■ Exercise instructions ■
From the line that contains "20 by 12 inch" down to the final line of the listing below, set down every line exactly, both ends included, and drop the pictures.

*** Opening of The data ***

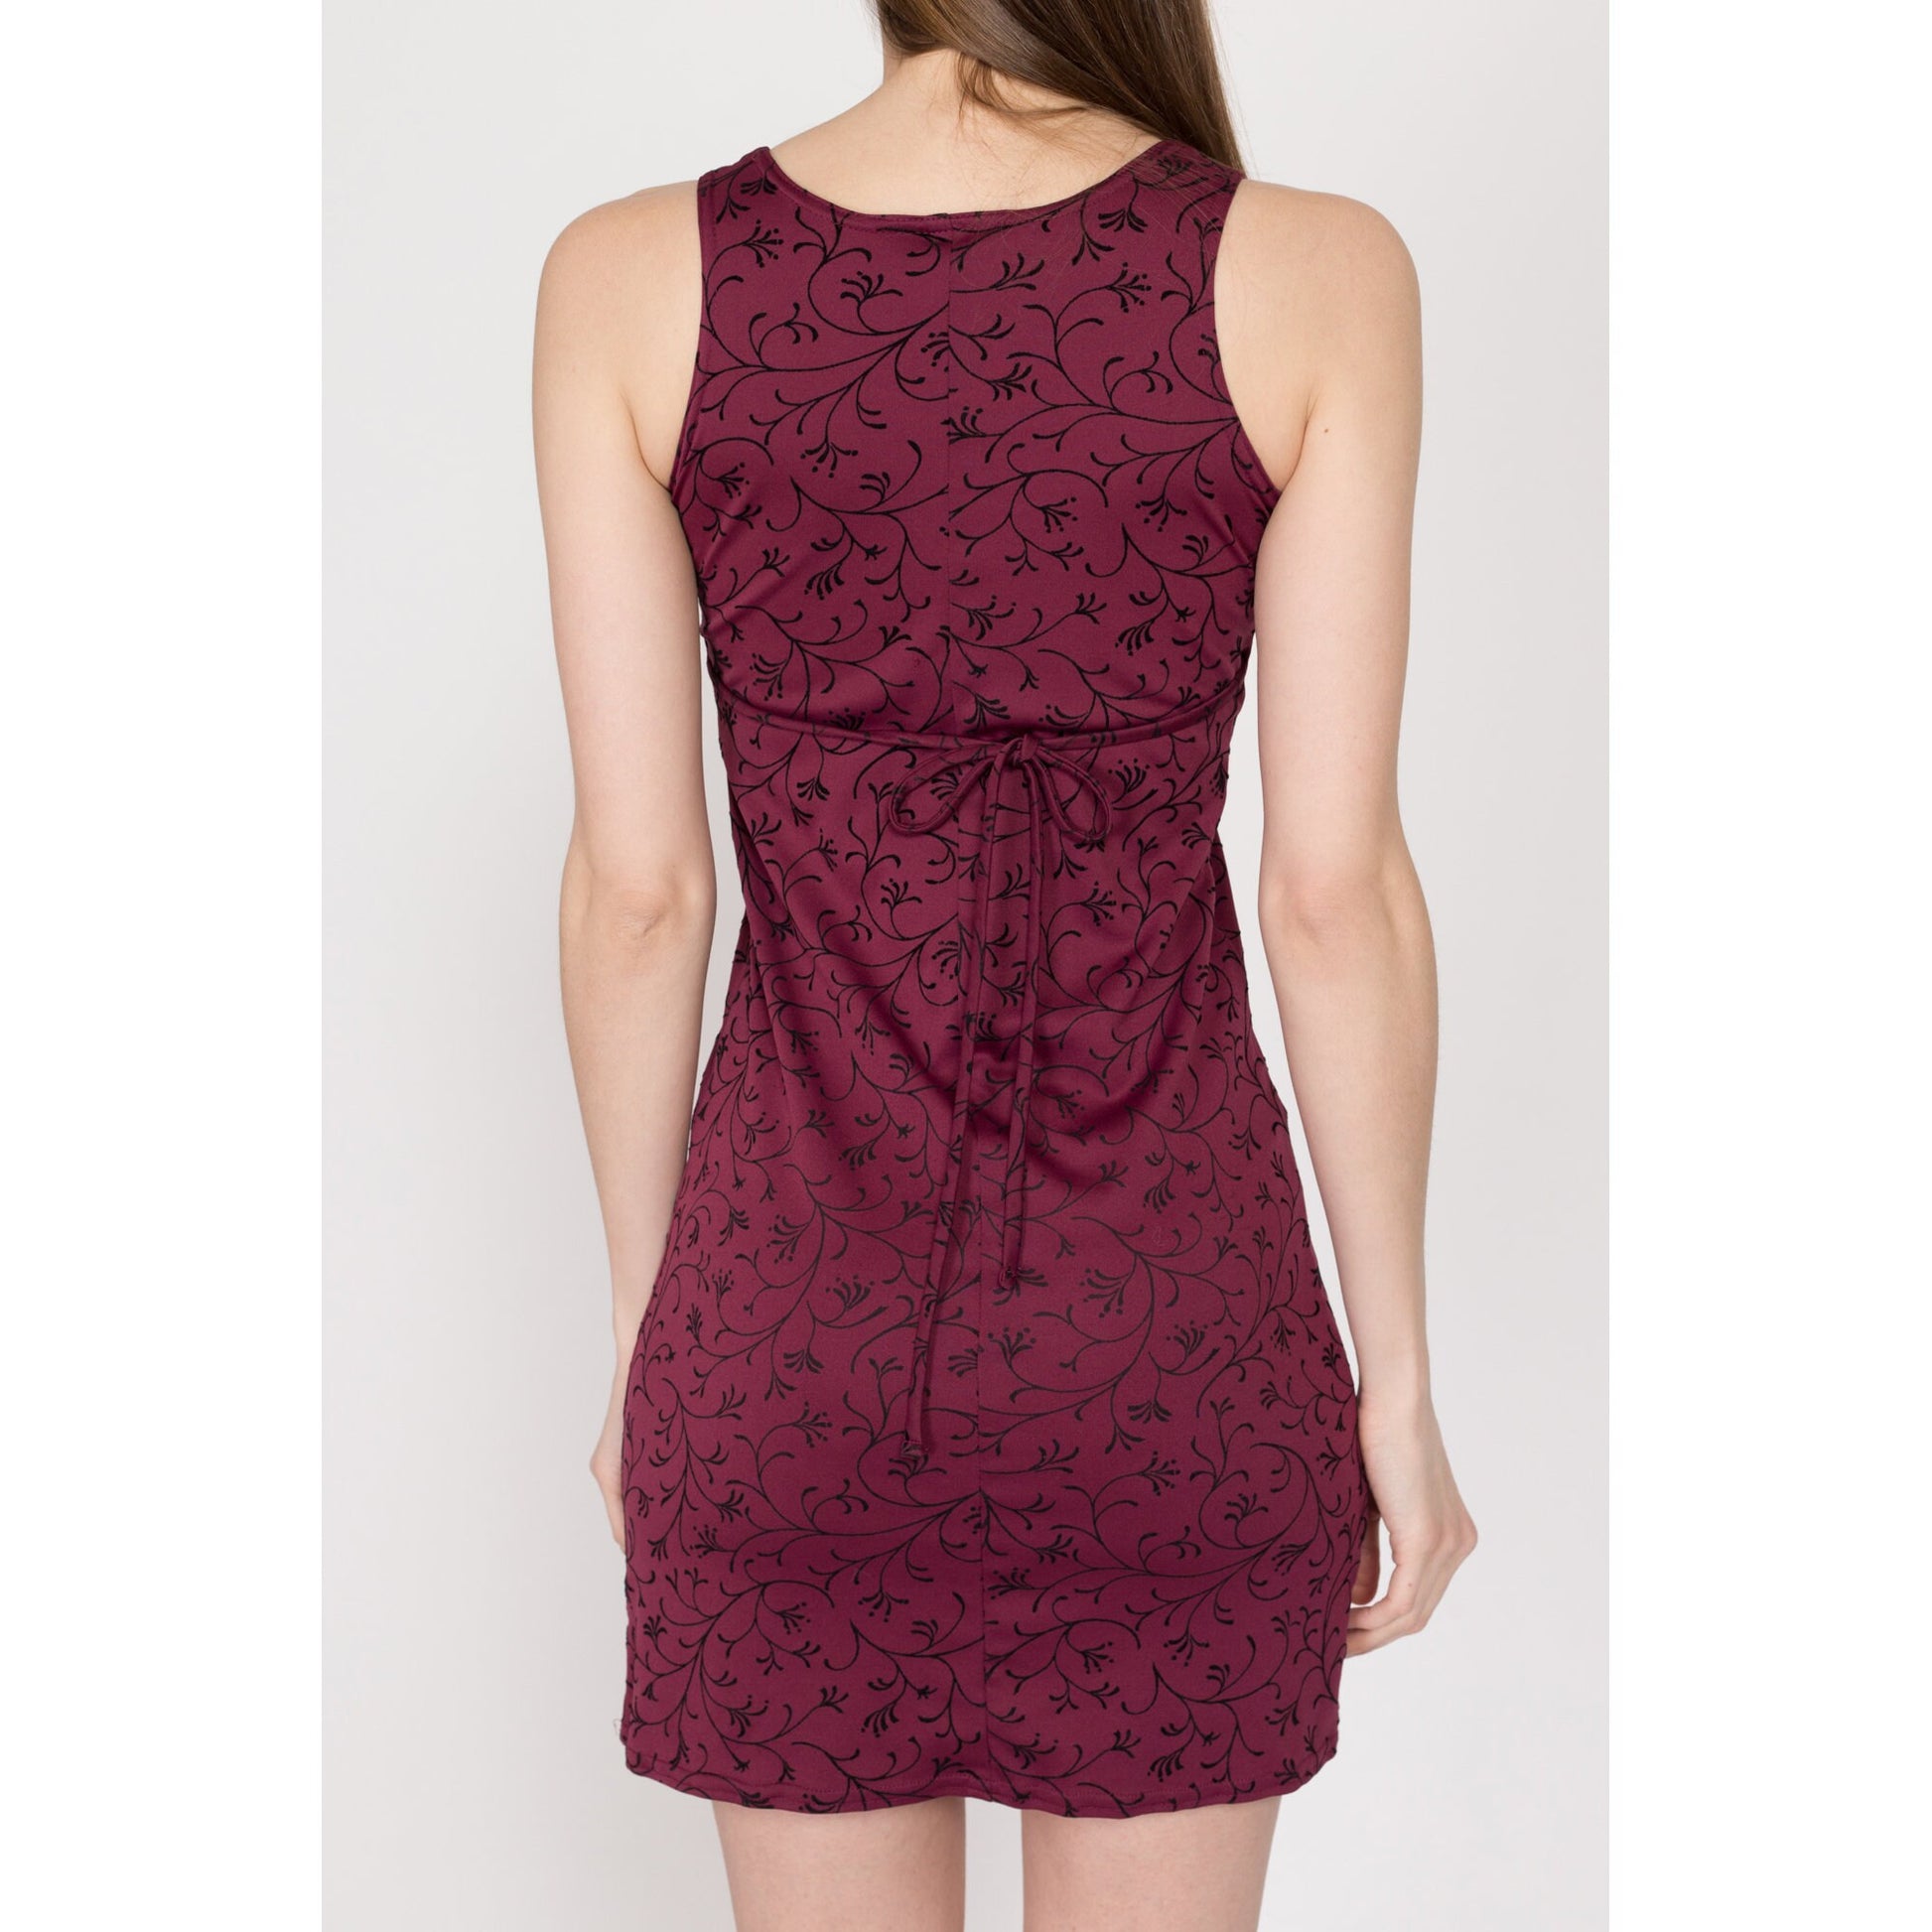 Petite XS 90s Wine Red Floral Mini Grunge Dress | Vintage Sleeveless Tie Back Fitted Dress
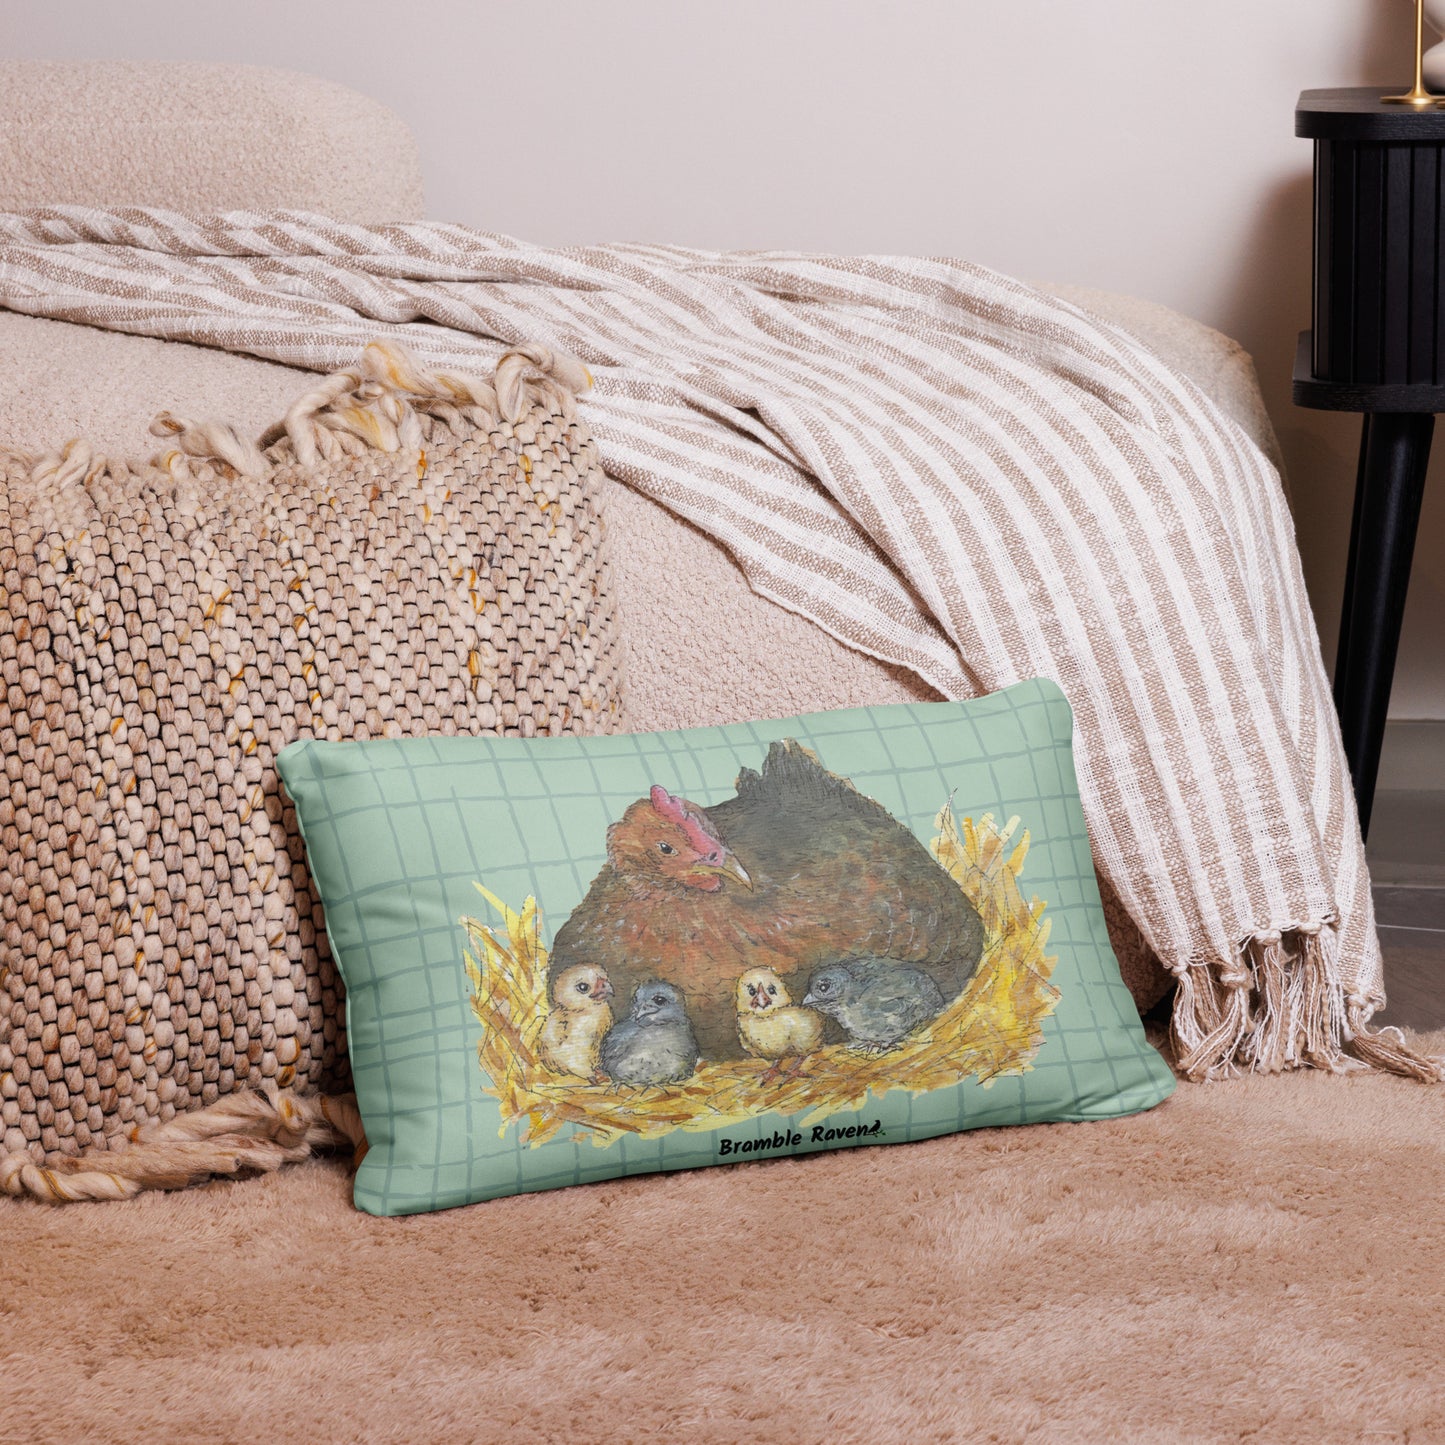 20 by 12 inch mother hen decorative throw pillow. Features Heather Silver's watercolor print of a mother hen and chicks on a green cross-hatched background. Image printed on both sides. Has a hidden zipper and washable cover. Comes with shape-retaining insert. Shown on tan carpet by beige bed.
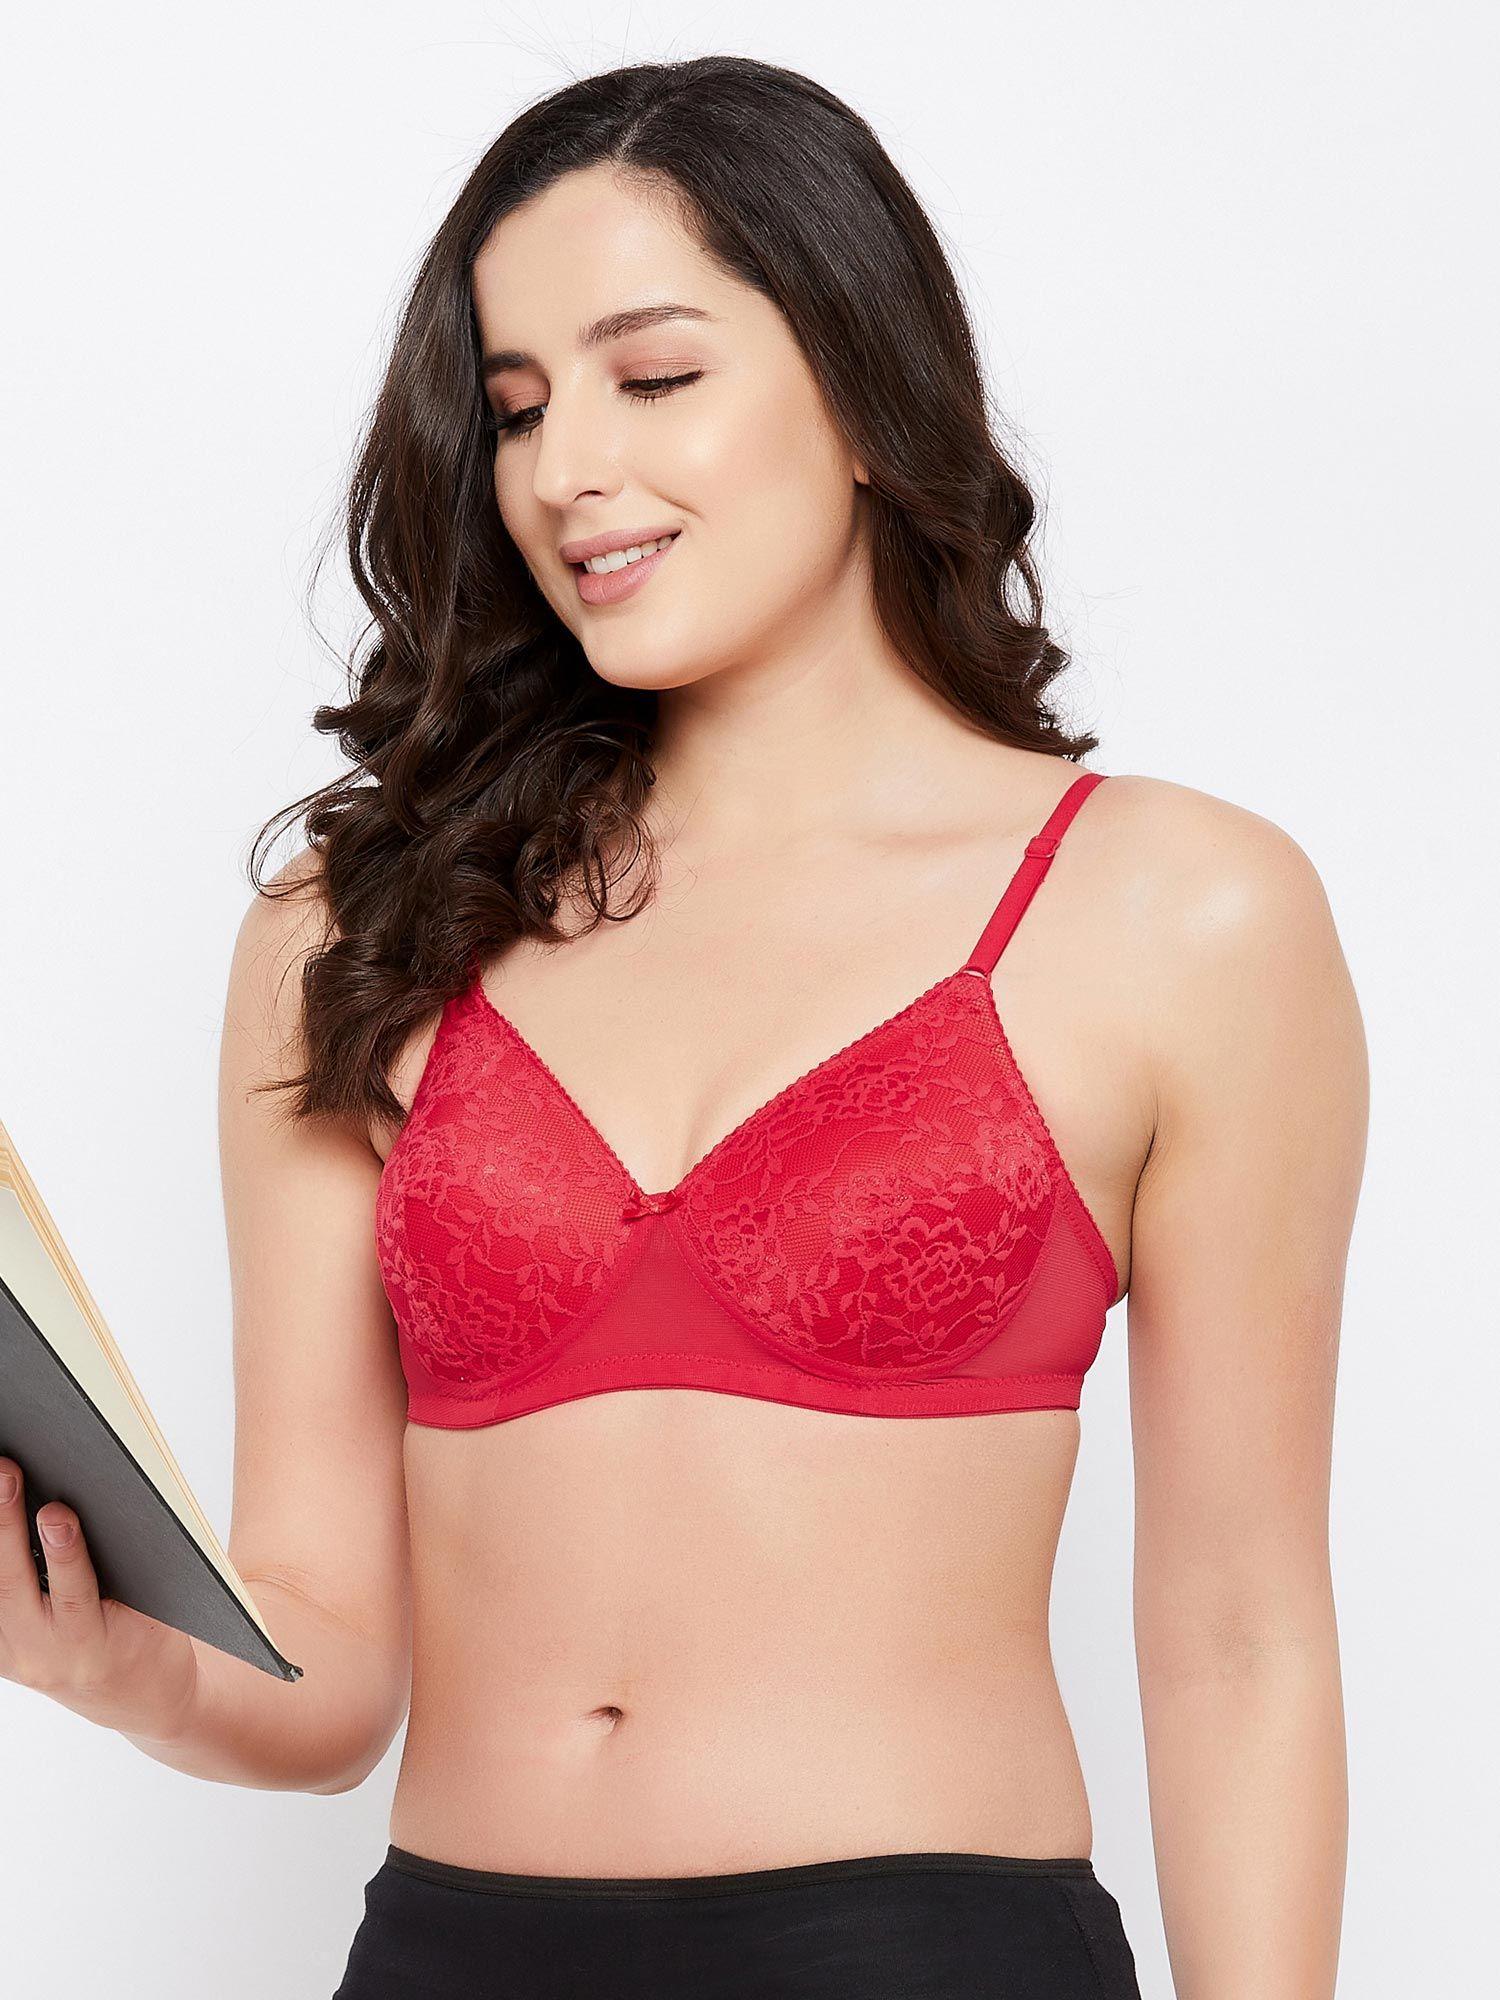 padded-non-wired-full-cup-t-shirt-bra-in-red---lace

*** Close of The data ***

■ Result ■
 20 by 12 inch mother hen decorative throw pillow. Features Heather Silver's watercolor print of a mother hen and chicks on a green cross-hatched background. Image printed on both sides. Has a hidden zipper and washable cover. Comes with shape-retaining insert. Shown on tan carpet by beige bed.
 padded-non-wired-full-cup-t-shirt-bra-in-red---lace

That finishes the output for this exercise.